Published online Aug 21, 2010. doi: 10.3748/wjg.v16.i31.3911
Revised: April 20, 2010
Accepted: April 27, 2010
Published online: August 21, 2010
AIM: To investigate the effect of tectorigenin on proliferation and apoptosis of hepatic stellate cells (HSC)-T6 cells.
METHODS: HSC-T6 cells were incubated with tectorigenin at different concentrations, and their proliferation was assessed by bromodeoxyuridine incorporation assay. Apoptosis was detected by flow cytometry assay with Hoechst 33342 staining. Also, generation of reactive oxygen species (ROS), intracellular [Ca2+]i, potential of mitochondrial membrane, activities of cytochrome c and caspase-9 and -3 were investigated to explore a conceivable apoptotic pathway.
RESULTS: Tectorigenin suppressed the proliferation of HSC-T6 cells and induced apoptosis of HSC-T6 cells in a time- and dose-dependent manner. Tectorigenin at the concentration of 100 μg/mL greatly inhibited the viability of HSC-T6 cells and induced the condensation of chromatin and fragmentation of nuclei. When treated for 48 h, the percentage of cell growth and apoptosis reached 46.3% ± 2.37% (P = 0.004) and 50.67% ± 3.24% (P = 0.003), respectively. Furthermore, tectorigenin-induced apoptosis of HSC-T6 cells was associated with the generation of ROS, increased intracellular [Ca2+]i, loss of mitochondrial membrane potential, translocation of cytochrome c, and activation of caspase-9 and -3.
CONCLUSION: Tectorigenin inhibits proliferation of HSC-T6 cells and induces apoptosis of HSC-T6 cells.

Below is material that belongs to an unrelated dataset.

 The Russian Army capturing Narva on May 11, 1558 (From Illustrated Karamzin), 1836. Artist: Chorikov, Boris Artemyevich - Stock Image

- Citation: Wu JH, Wang YR, Huang WY, Tan RX. Anti-proliferative and pro-apoptotic effects of tectorigenin on hepatic stellate cells. World J Gastroenterol 2010; 16(31): 3911-3918
- URL: https://www.wjgnet.com/1007-9327/full/v16/i31/3911.htm
- DOI: https://dx.doi.org/10.3748/wjg.v16.i31.3911
Hepatic fibrosis, a common wound-healing response to diseases such as chronic hepatitis and alcoholic liver damage, is a result of destruction in architecture of the liver parenchyma and an imbalance between fibrogenesis and fibrolysis forming scars or fibrous tissues. Hepatic stellate cells (HSC), the major cells in hepatic fibrosis, are responsible for the development of fibrosis[1,2]. Activation and proliferation of HSC are the key to fibrogenesis while apoptosis of HSC is associated with the resolution of fibrosis. So, HSC have attracted increasing attention due to their essential role in liver fibrosis. With a better understanding of their biological properties, inhibiting the activation and proliferation of HSC and inducing apoptosis of activated HSC have been proposed as potential anti-fibrosis strategies.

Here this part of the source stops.